The officer asked the lady to see whether Ravi was at home. She rushed upstairs with a pounding heart to find Ravi’s bed empty. He had sneaked out of the house when everyone was asleep and joined his friends. As the news began to filter in the community five young persons had died in a smash-up on the highway and Ravi was among them.

The parents were devastated as they struggled to understand why some young people would go speeding in the night and without a care in the world. At the outset, it should be stated that many young people play by the rules. They get good grades, graduate from schools and colleges, get decent jobs, and move up in the society.

But there those that throw it all away by following the wrong crowd, cut school, join gangs, do drugs, drive under the influence of alcohol, disrespect women, are rude to their parents, and refuse to listen to anyone. They are ill-mannered and short-tempered and in a good many cases their parents are afraid of them. These young people are hard and mean and think that they know it all.

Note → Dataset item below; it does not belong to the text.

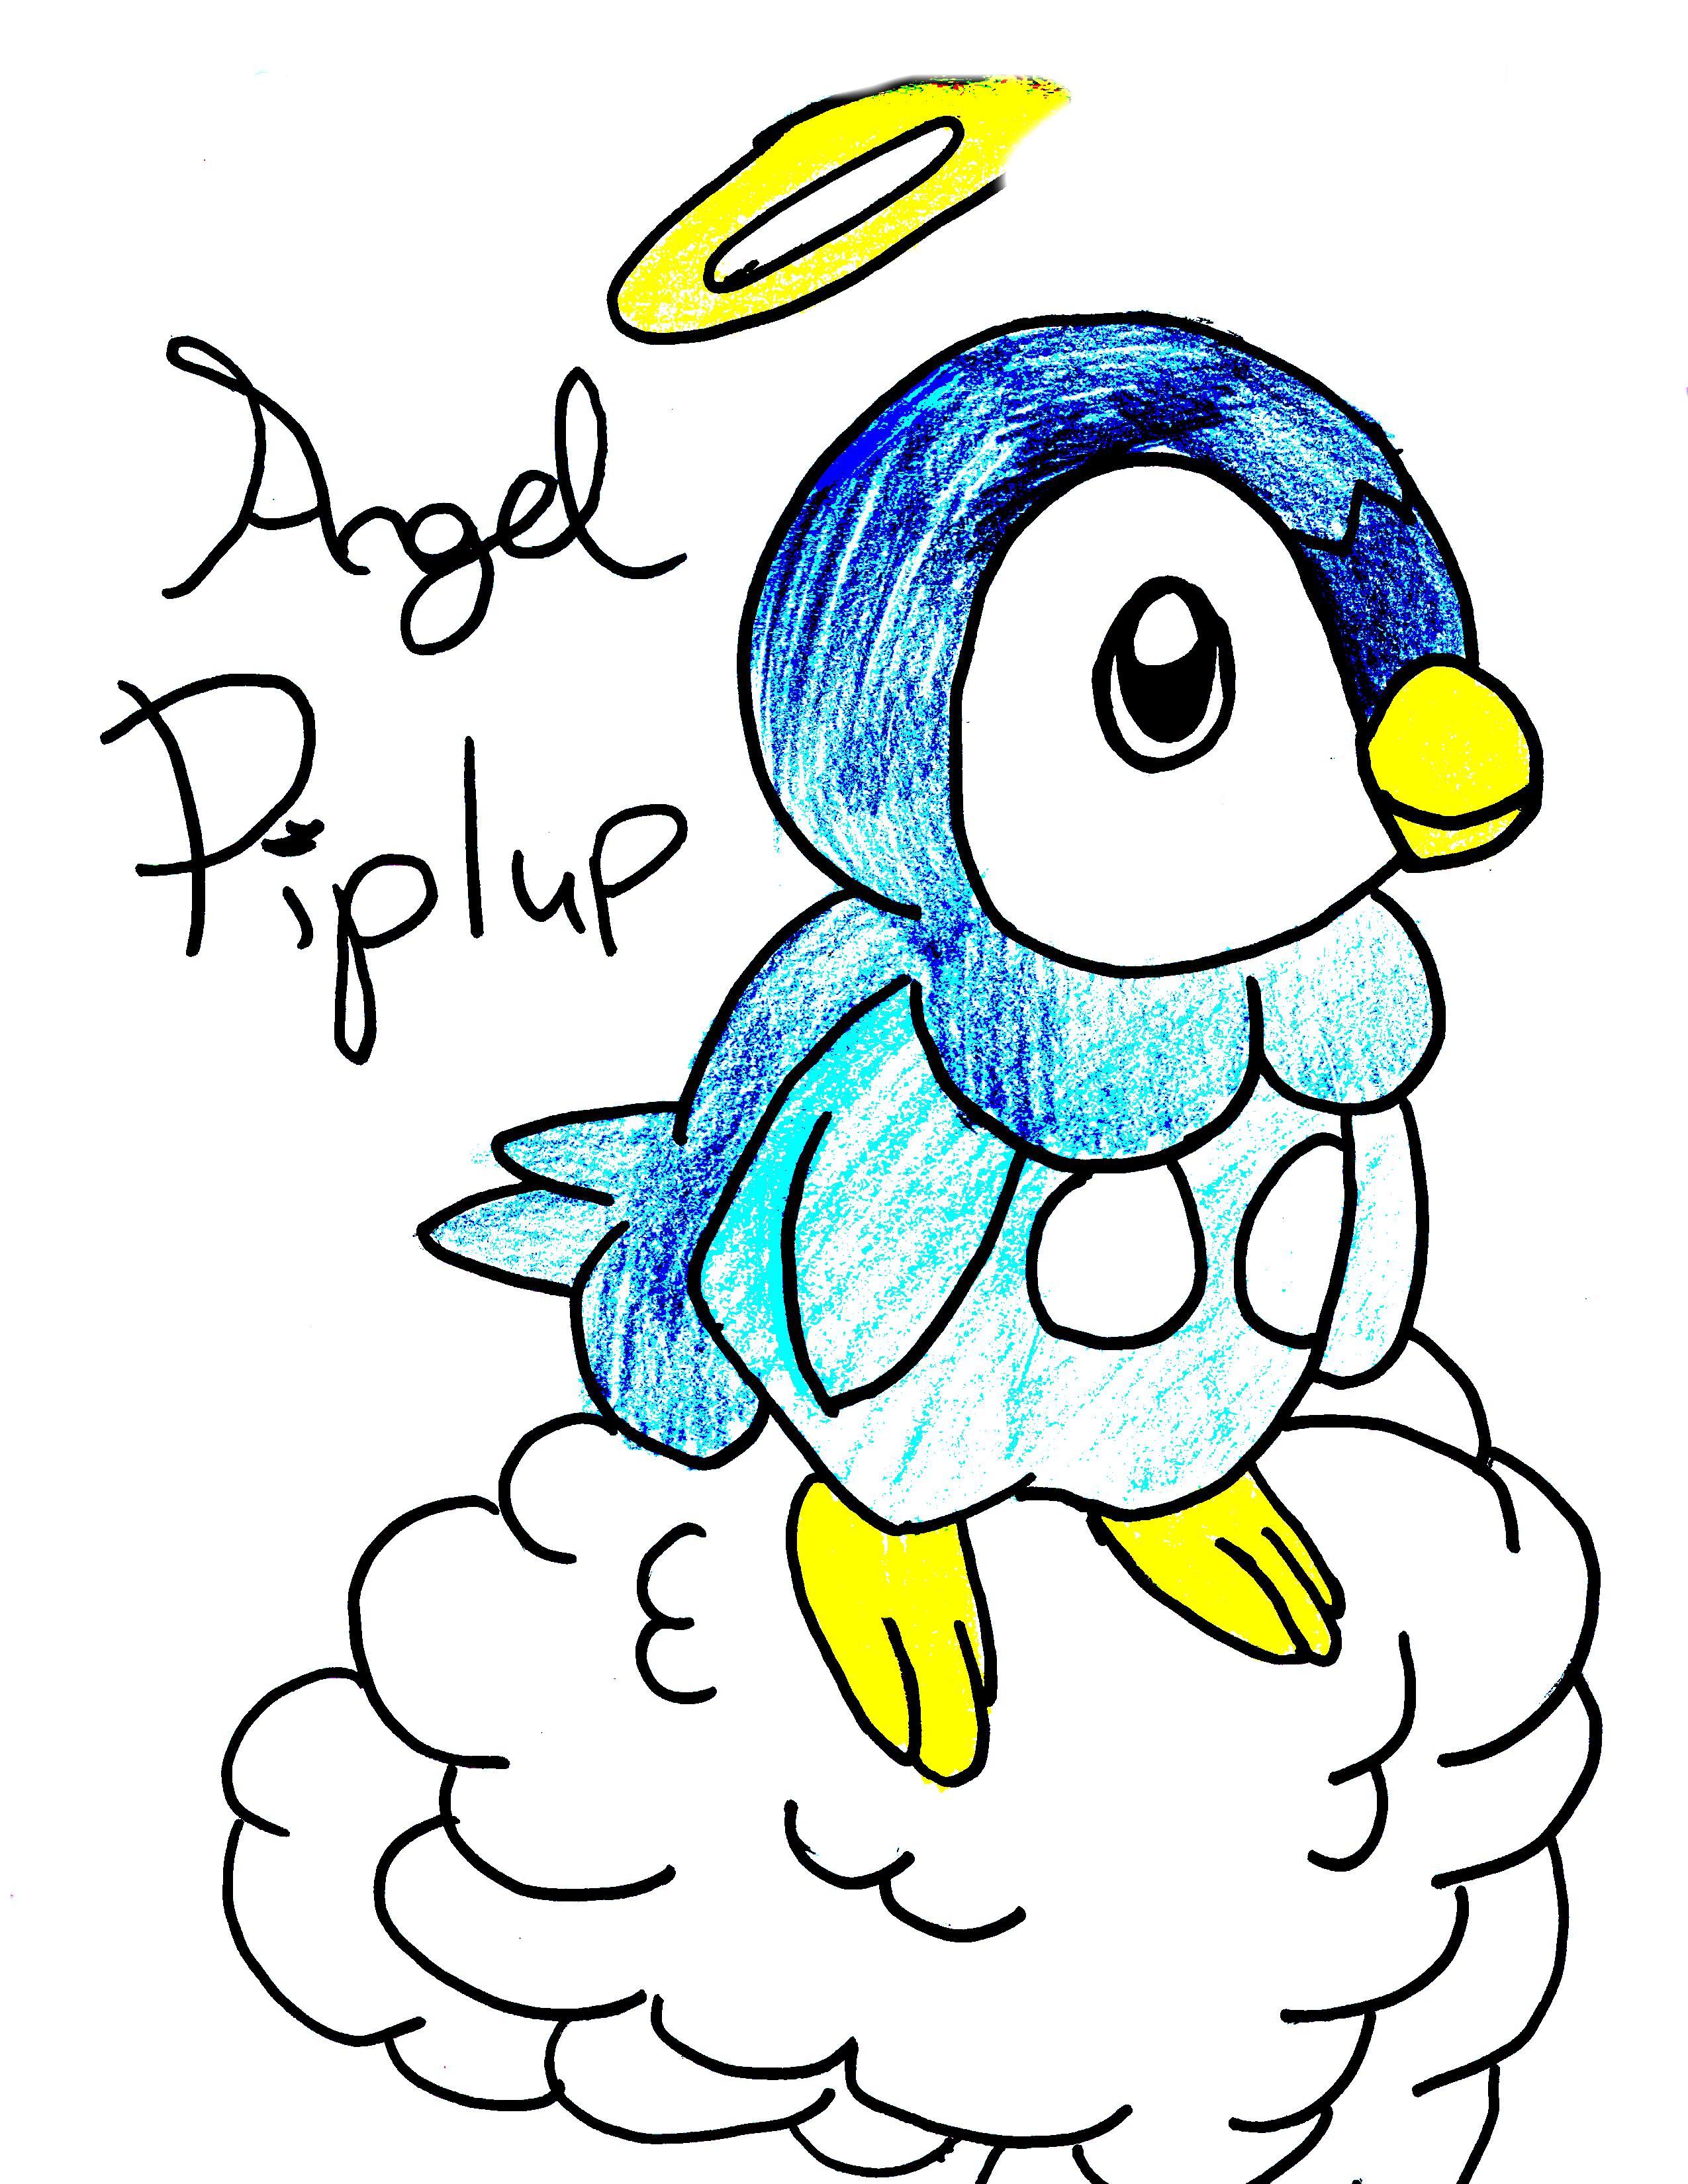 Angel Piplup by Azrob
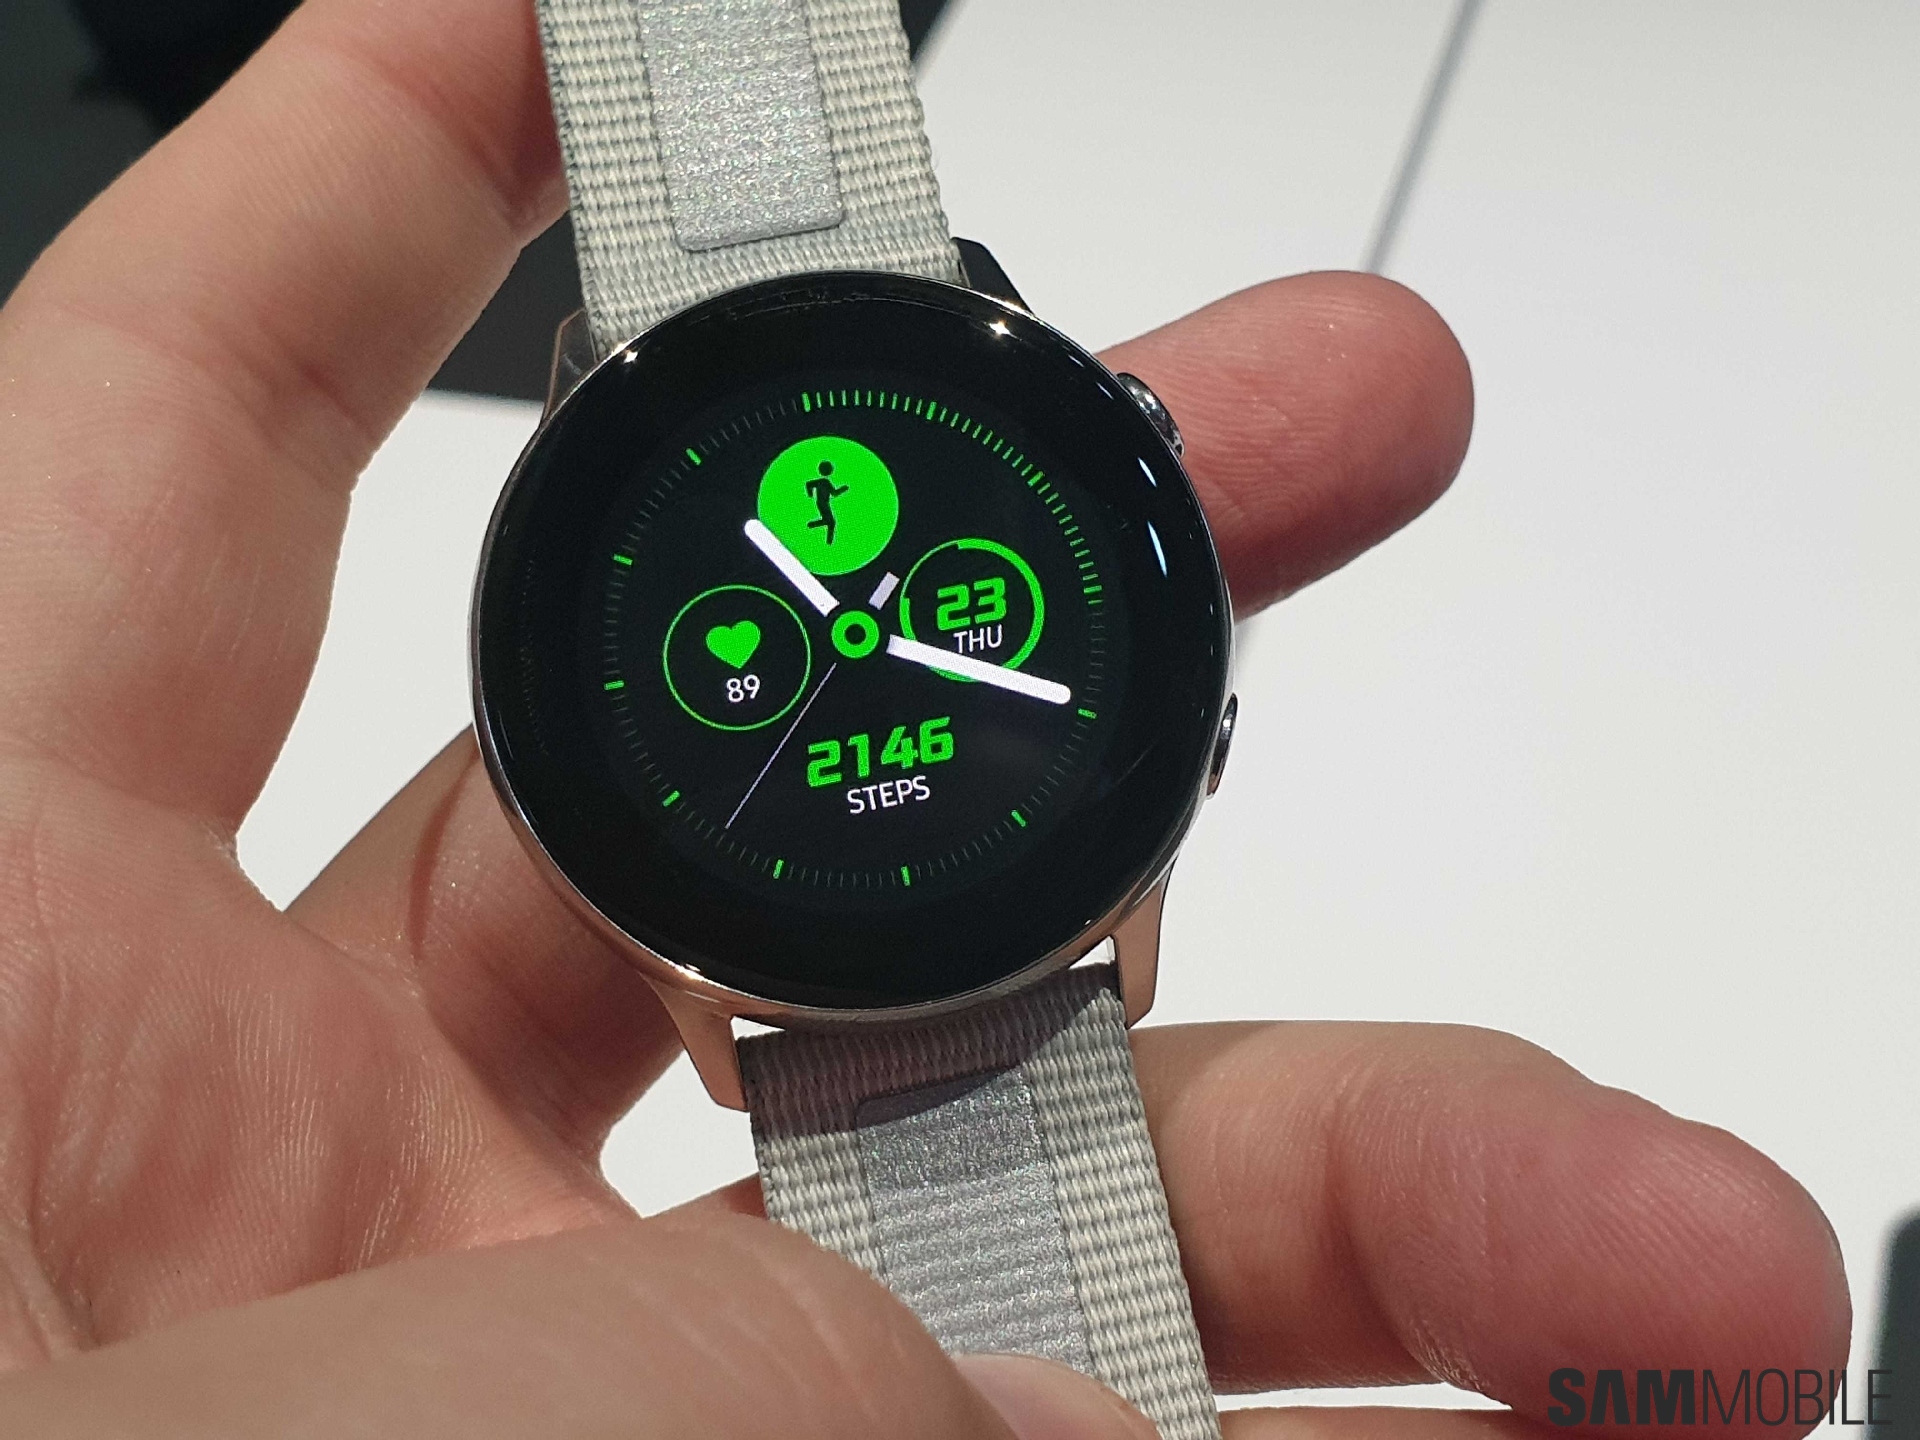 Galaxy Watch Active launched in Vietnam, sales start April 10 - SamMobile

According to one parent, “You just can’t talk to the children these days; they are ready to curse you, they think that they know everything. But when trouble meet them they keep running to the parents for help. What are parents to do? They give the kids everything and are treated with no respect.”

There is no question that the ever-suffering parents and guardians have to face the glare of publicity, media attention, comments from the public and to bear the loss of their loved ones with stoic resignation. In the end, those that lose out the most are the loved ones. The parents and guardians must look at the empty rooms and stare at walls and imagine what might have been if he or she were alive.

Liberty Avenue is the strip of dreams. Its confluence flows into houses of worship, and to fast food joints with freshly baked bread to spicy doubles with everything. It is Liberty Avenue that has come to define the aspirations of the honest trader that looks out for his client, and to the hustler that makes all sorts of promises for the quick dollar.

It is Liberty Avenue that leads to airports and to other worlds. It is also Liberty Avenue that is the scene for the weekly drama that brings diverse crowds into the nightclubs and bars that open all night and into the next day. Liberty Avenue has seen its fair share of violence from the young; of people being beaten by baseball bats, guns blowing off body parts and knives ripping into flesh.

The actors are different; you can flip the script but the outcome is the same. No one takes the blame for anything. The violence is merely a response to someone else’s behavior. It is never about taking personal responsibility. If Liberty Avenue could spring to life it would belch with the weight of senseless violence. It would speak of hundreds of stories in which young people are led astray by drugs, alcohol and crazy all-night parties.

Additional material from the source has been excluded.